- Occupations: Educationist, author, and academic
- Awards: Order of the British Empire, The monarch of the United Kingdom

Academic background
- Education: PhD in Sociology of education
- Alma mater: Enfield College of Technology City University, London
- Thesis: Social Interaction in the Classroom: a participant observation study of pupils' classroom life (1978)

Academic work
- Institutions: University of Oxford Green Templeton College

= John Furlong (academic) =

British educationist, author

John Furlong is a British educationist, author, and academic. He is an Emeritus Professor of Education at the University of Oxford, an Emeritus Fellow of Green Templeton College, Oxford, and an adviser to the Welsh government on Initial Teacher Education (ITE). Since 2015, he has been Vice President of the British and Foreign School Society (BFSS), which supports equal educational opportunities for children and young people.
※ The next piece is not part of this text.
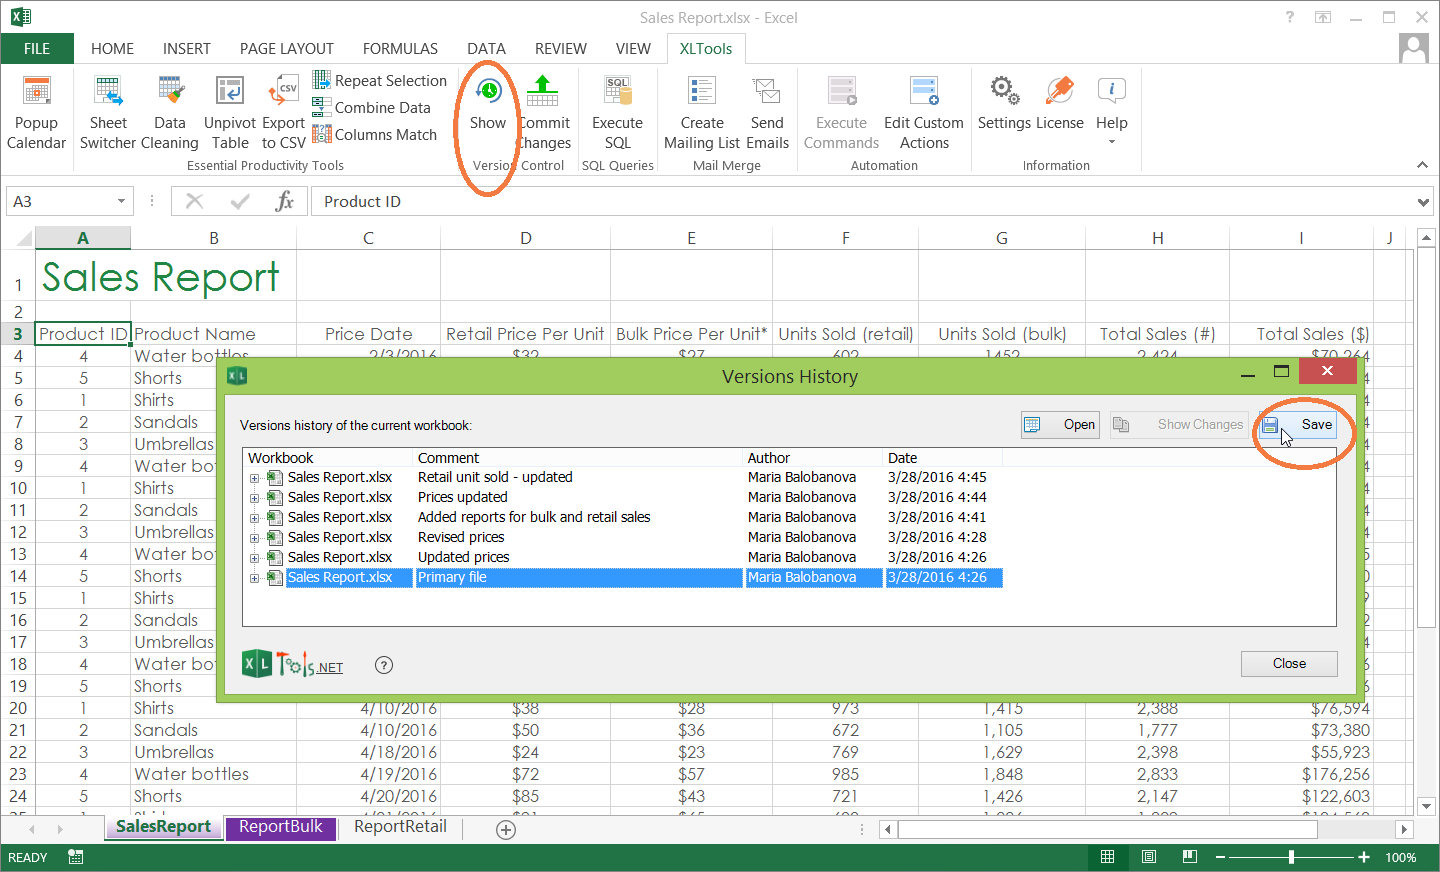 Spreadsheet Version Control In Version Control For Excel Spreadsheets  Xltools – Excel Addins You
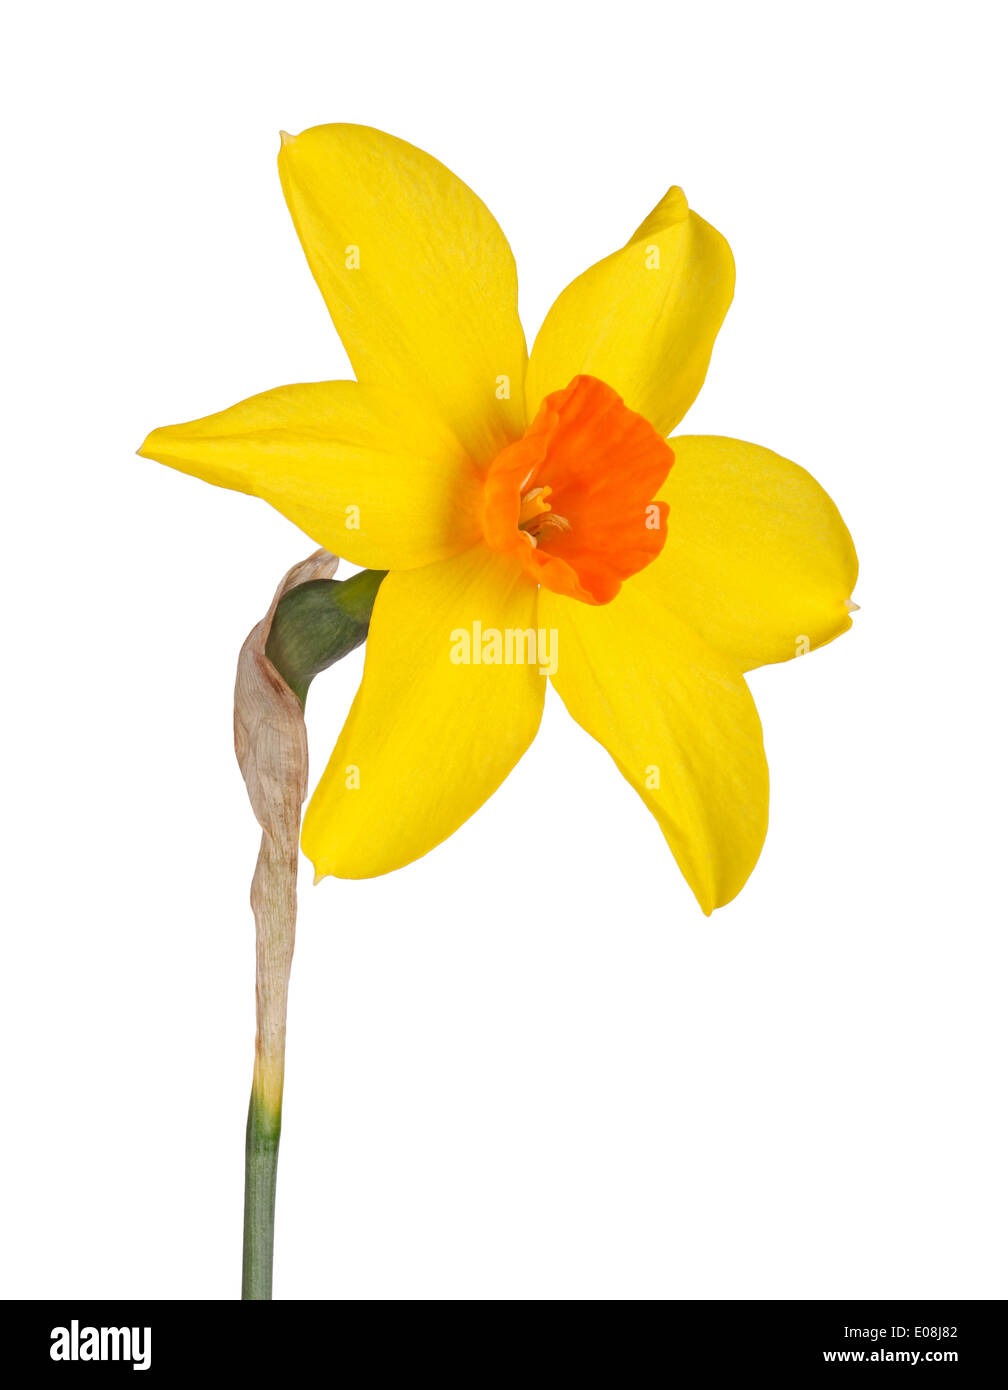 Single flower and stem of the yellow and red, small-cup daffodil cultivar Starbrook isolated against a white background Stock Photo

Furlong's sociological research has focused on issues in education including disaffected pupils, the impacts of classroom language on learning, new technologies on learning, and teacher education. He is the editor of eight books and author of further eleven books, including, Education – an Anatomy of the Discipline, Teacher Education in Transition: re-forming professionalism? and a memoir, Islands – in Search of brave new worlds. In addition, he has published over 100 articles, book chapters and reports. He is the recipient of the Order of the British Empire for his services in educational research In 2014, the Oxford Review of Education published a special issue celebrating his lifetime contribution to the sociology of education. and in 2023, his 2003 paper 'BERA at 30; have we come of age?' was chosen by the British Educational Research Journal as one of the 10 best papers of its decade.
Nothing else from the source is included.